Столь же доходны и столь же бесполезны придворные должности, домашние синекуры, доходы которых далеко превосходят оклады. Я насчитал одних служащих у стола 295 человек, не считая лакеев, причем первый дворецкий получает 84.000 ливров в год деньгами и пищею, не считая жалования и парадных ливрей, на изготовление которых он получает деньги. Первые горничные королевы, записанные в альманахе по 150 ливров и получающие 12.000 франков, в действительности получают до 50.000 франков, вследствие перепродажи свечей, горевших днем; Висар, секретарь дворцовой канцелярии, месту которого официально присвоено 900 ливров вознаграждения в год, признается, что оно приносит ему 200.000. Начальник охот в Фонтэнебло продает в свою пользу каждый год на 20.000 франков, кроликов. Во время каждого путешествия в загородные дворцы короля прислуживающие дамы, подавая счета произведенных расходов при переезде, наживают 80%; говорят, что кофе с молоком, и хлебом, для каждой из этих дам, обходится в год 2.000 франков, в такой же пропорции и остальные расходы».

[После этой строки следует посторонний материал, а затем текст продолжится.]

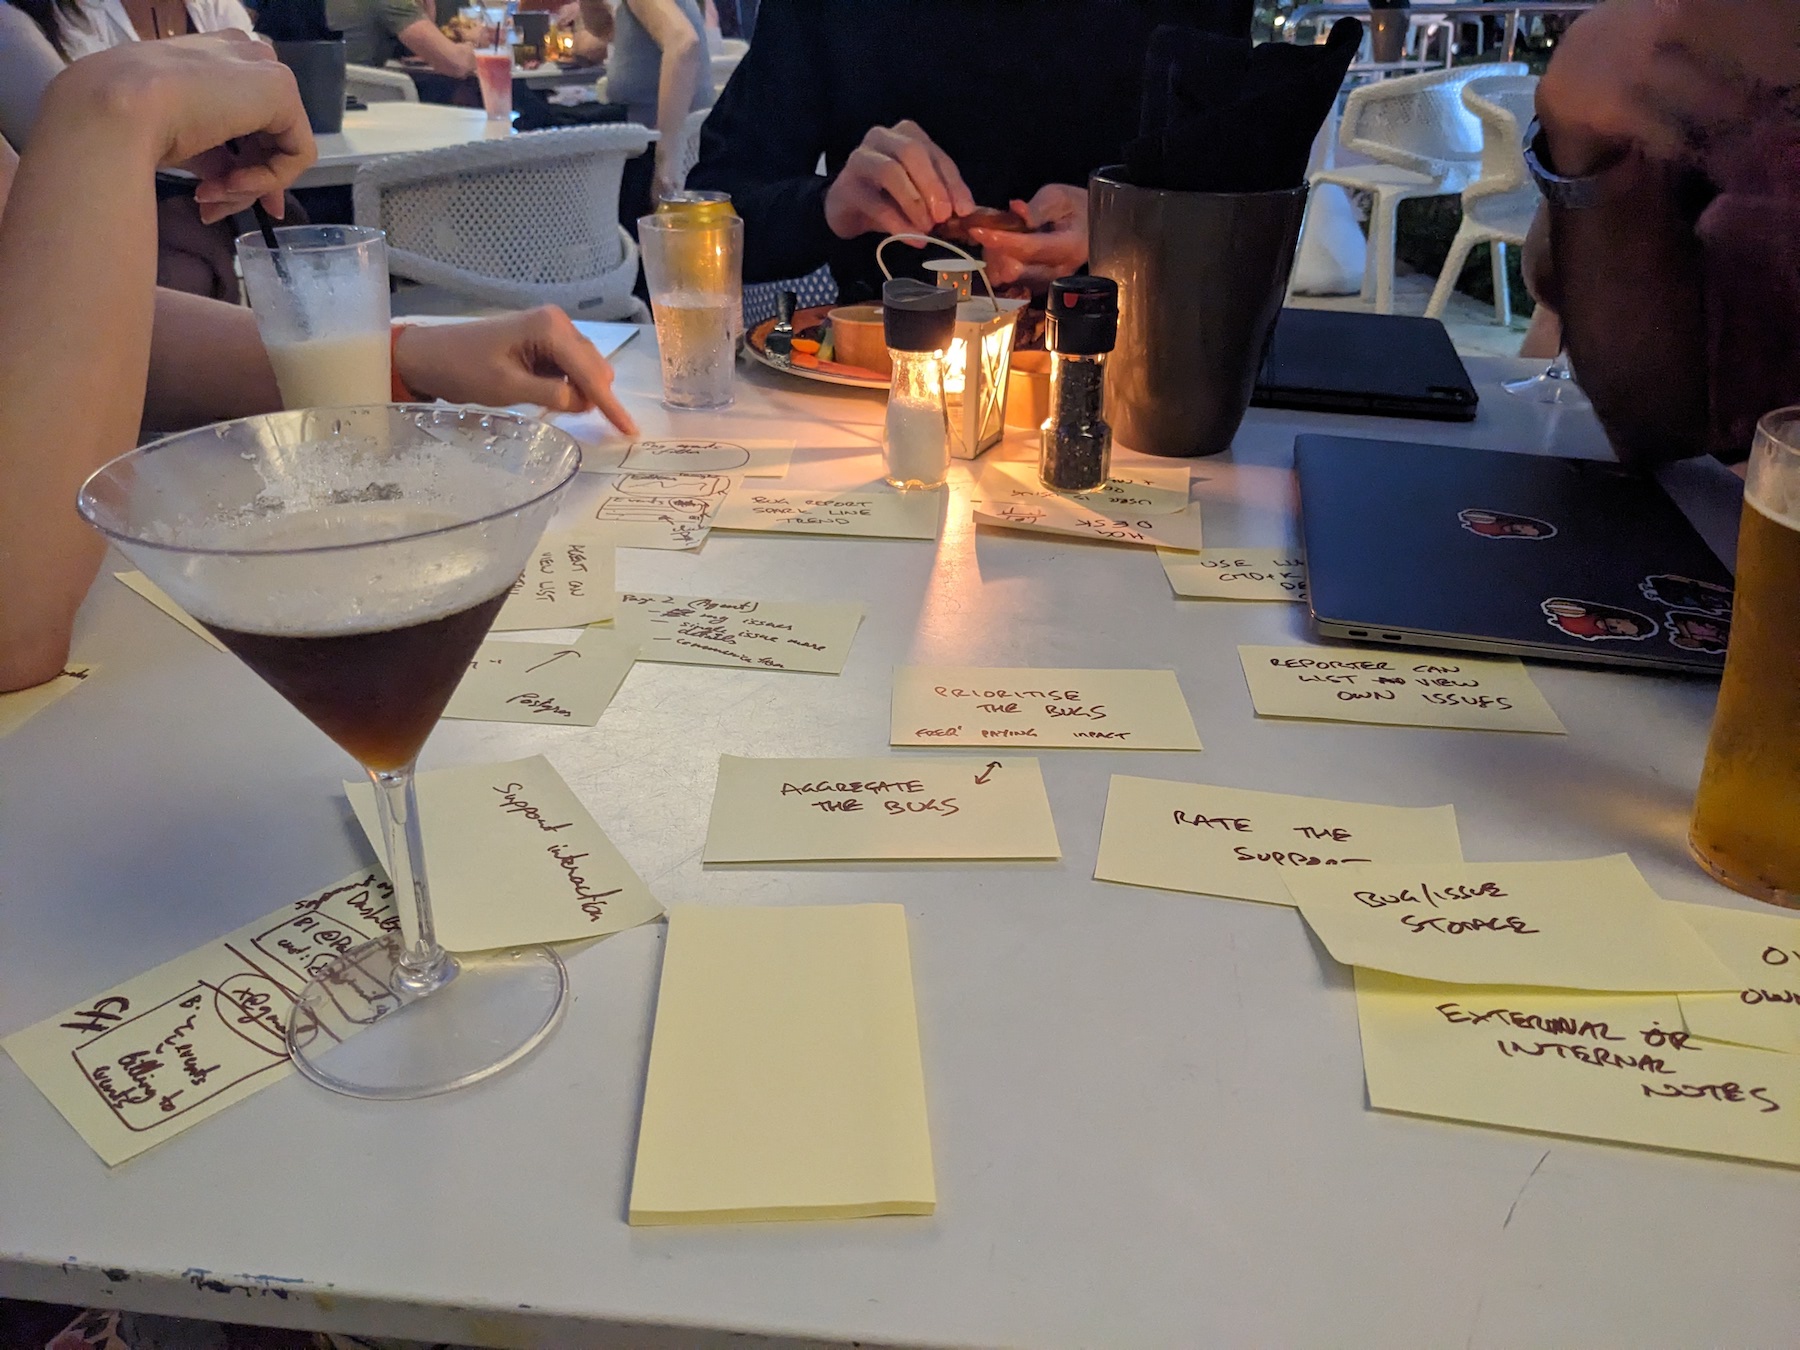 a table with post-it notes on the surface

«М-м де Тайлар сумела скопить 115.000 ливров ренты, занимая место гувернантки королевских детей, потому что за каждого нового ребенка ей увеличивали жалованье на 35.000 ливров». Герцог Пантьеврский, занимая должность генерал-адмирала, получал со всех судов, «входивших в гавани и в устья Франции» якорный налог, годовая сумма которого достигала 91.484 франка. M-m де Ламбаль, главная управительница, официально получающая 6.000 франков, в действительности получает 150.000. После одного праздника, с потешными огнями, герцог Жеврский выручает 50.000 экю за остатки и уголь, которые принадлежат ему в силу занимаемой им должности.

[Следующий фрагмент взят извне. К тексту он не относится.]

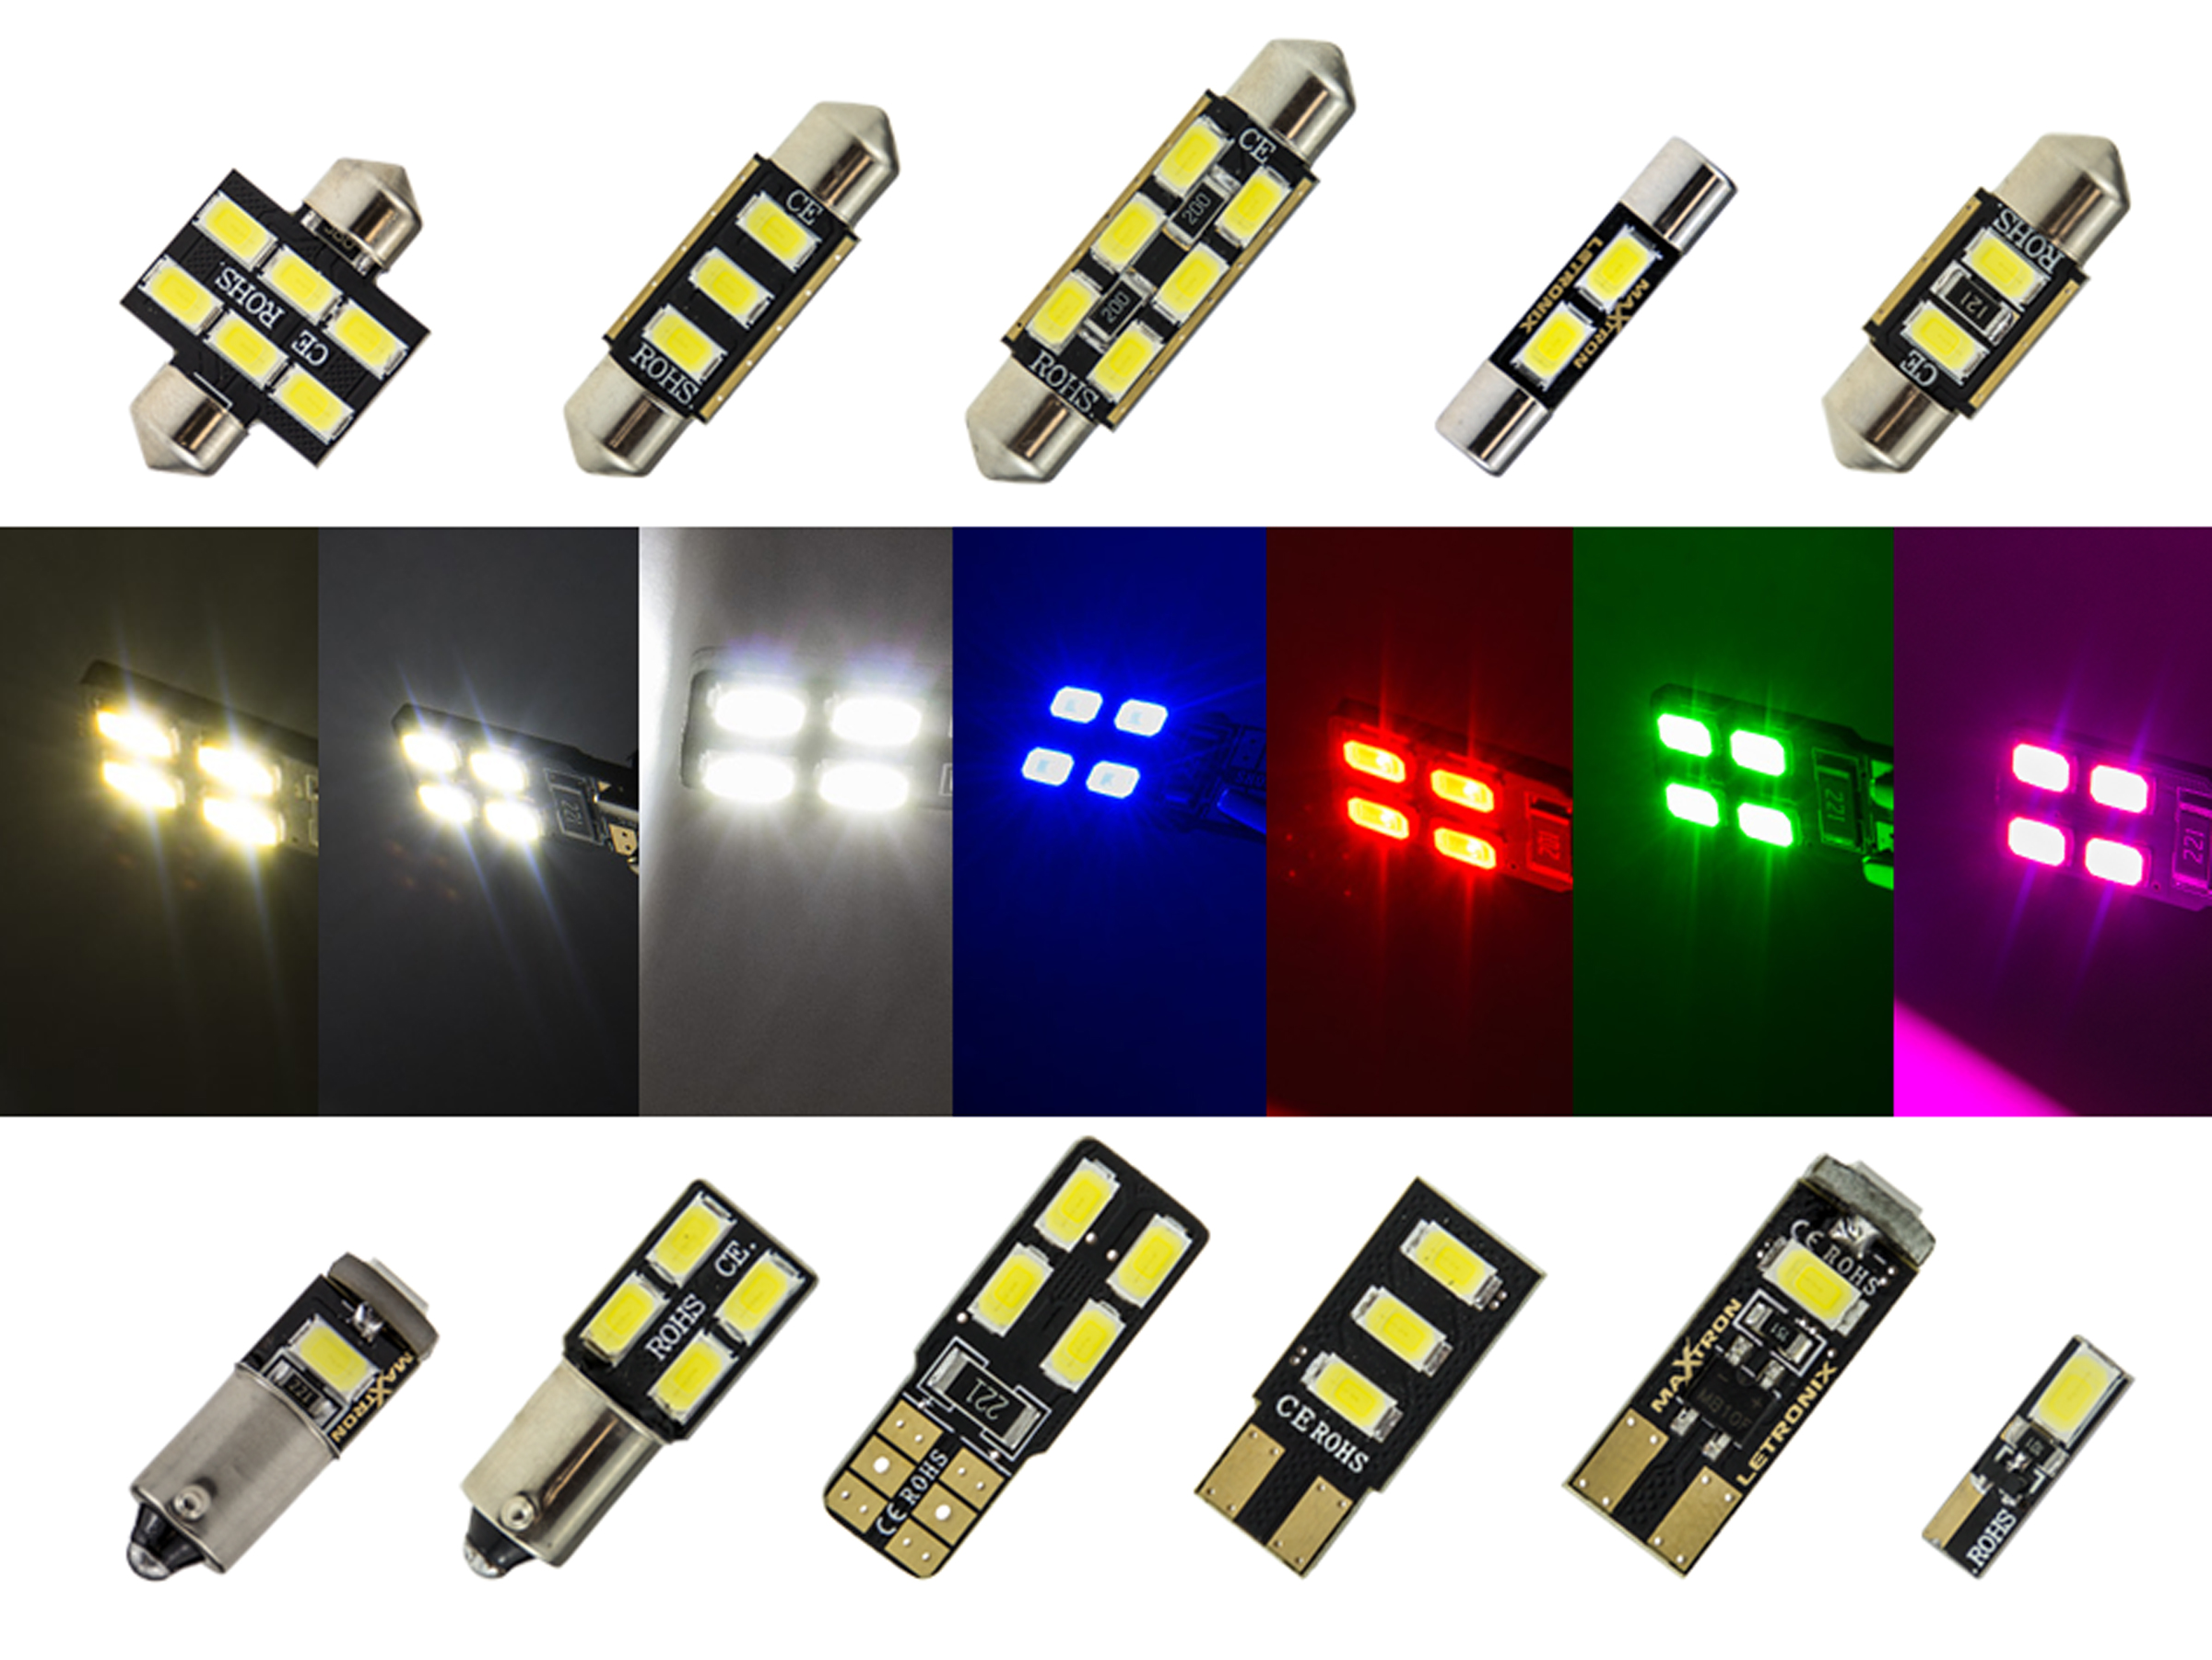 https://www.blauertacho4u.de/images/product_images/original_images/MaXtron---SMD-LED-Innenraumbeleuchtung-fuer-Nissan-Qashqai-J11-mit-Panoramadach69976666_2.jpg

Крупные дворовые чиновники, управляющее королевскими дворцами, начальники охотничьих округов, камергеры, шталмейстеры, камер-юнкеры, пажи, гувернеры, духовники, капелланы, фрейлины, служанки, приживалки короля, королевы, брата короля, сестры короля, графа д'Артуа, графини д'Артуа, принцессы Елизаветы, в каждом дворце имеются сотни должностей с присвоенным окладом и побочными доходами без всяких обязанностей, учрежденных единственно ради декорации. «M-m де ла Борд недавно назначена постельничьей королевы с 12.000 франков жалованья из сумм короля; неизвестно, какие обязанности сопряжены с этим званием, не существовавшим со времен Анны Австрийской», Старший сын г-на де Машо назначен управляющим классами, это одна из так называемых милостивых должностей: он получает 18.000 ливров дохода за то, чтобы подписать два раза в год свою фамилию». Таково же место главного секретаря швейцарцев, приносящее 30.000 ливров дохода на которое назначен аббат Бартелеми; таково же место главного секретаря драгун, с жалованьем 20.000 ливров в год, занимаемое по очереди Нантолем Бернаром и Ложаном – двумя маленькими поэтами.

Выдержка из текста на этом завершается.